■ **WORK REQUIRED**
For the data below, restate word for word only the lines from the line containing "Русский народный танец девушки." through the line containing "Carlton London Black", both ends included.

*** TASK INPUTS Section Begins ***

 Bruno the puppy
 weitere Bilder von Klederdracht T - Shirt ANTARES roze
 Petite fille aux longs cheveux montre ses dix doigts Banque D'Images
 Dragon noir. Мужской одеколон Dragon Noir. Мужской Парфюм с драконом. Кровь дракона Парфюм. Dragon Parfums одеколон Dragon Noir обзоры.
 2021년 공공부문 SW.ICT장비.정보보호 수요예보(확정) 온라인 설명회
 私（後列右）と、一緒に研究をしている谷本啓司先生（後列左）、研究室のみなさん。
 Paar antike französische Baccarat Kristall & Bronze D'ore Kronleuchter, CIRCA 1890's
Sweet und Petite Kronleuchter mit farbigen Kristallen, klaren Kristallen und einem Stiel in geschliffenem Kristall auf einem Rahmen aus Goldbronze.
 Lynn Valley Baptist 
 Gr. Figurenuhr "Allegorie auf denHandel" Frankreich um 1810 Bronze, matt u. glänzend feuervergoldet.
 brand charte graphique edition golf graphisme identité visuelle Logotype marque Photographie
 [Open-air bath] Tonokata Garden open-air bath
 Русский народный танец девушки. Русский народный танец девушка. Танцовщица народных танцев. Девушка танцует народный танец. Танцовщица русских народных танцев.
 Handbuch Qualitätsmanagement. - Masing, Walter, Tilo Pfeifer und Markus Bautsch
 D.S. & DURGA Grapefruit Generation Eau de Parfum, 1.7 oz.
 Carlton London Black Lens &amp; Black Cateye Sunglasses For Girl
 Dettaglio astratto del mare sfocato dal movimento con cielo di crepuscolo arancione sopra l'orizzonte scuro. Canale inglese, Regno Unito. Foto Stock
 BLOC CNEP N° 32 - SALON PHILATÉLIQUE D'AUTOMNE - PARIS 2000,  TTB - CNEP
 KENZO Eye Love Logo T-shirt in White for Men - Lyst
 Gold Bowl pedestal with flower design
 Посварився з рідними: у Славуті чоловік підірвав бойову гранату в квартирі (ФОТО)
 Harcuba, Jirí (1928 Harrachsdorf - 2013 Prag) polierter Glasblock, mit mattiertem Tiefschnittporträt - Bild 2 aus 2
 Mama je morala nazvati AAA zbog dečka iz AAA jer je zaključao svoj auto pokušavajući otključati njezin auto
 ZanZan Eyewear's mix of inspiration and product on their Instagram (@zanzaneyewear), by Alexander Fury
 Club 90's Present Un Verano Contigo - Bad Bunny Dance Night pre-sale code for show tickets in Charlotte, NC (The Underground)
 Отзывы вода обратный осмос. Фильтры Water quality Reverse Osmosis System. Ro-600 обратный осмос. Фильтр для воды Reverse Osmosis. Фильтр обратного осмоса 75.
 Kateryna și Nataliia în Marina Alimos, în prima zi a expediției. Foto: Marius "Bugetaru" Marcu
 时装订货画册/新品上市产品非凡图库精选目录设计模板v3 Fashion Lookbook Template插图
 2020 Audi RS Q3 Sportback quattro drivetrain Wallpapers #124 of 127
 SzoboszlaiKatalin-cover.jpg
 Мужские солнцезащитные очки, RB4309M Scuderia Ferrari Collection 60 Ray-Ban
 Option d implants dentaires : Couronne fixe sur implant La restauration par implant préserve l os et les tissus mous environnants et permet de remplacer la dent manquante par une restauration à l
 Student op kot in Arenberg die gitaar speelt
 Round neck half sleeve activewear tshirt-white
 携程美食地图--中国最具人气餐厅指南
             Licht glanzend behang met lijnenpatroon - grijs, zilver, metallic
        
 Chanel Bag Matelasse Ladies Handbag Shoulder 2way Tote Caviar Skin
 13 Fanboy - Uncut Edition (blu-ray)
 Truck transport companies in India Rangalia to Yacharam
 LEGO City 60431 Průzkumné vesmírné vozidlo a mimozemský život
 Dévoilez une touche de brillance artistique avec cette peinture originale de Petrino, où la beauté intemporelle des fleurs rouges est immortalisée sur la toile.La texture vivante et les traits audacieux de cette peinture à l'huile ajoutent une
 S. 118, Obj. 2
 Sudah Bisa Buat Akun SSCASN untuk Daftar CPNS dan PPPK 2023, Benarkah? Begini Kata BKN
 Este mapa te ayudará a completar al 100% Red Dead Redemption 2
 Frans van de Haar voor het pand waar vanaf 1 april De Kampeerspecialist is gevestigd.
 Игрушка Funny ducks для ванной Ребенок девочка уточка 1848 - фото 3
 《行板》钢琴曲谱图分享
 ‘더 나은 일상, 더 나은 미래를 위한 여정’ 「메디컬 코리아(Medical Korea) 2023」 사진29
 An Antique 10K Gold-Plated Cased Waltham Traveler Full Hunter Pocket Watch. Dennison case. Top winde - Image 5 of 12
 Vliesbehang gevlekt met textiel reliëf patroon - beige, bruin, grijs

*** TASK INPUTS Section Ends ***

■ **EXERCISE OUTPUT**
 Русский народный танец девушки. Русский народный танец девушка. Танцовщица народных танцев. Девушка танцует народный танец. Танцовщица русских народных танцев.
 Handbuch Qualitätsmanagement. - Masing, Walter, Tilo Pfeifer und Markus Bautsch
 D.S. & DURGA Grapefruit Generation Eau de Parfum, 1.7 oz.
 Carlton London Black Lens &amp; Black Cateye Sunglasses For Girl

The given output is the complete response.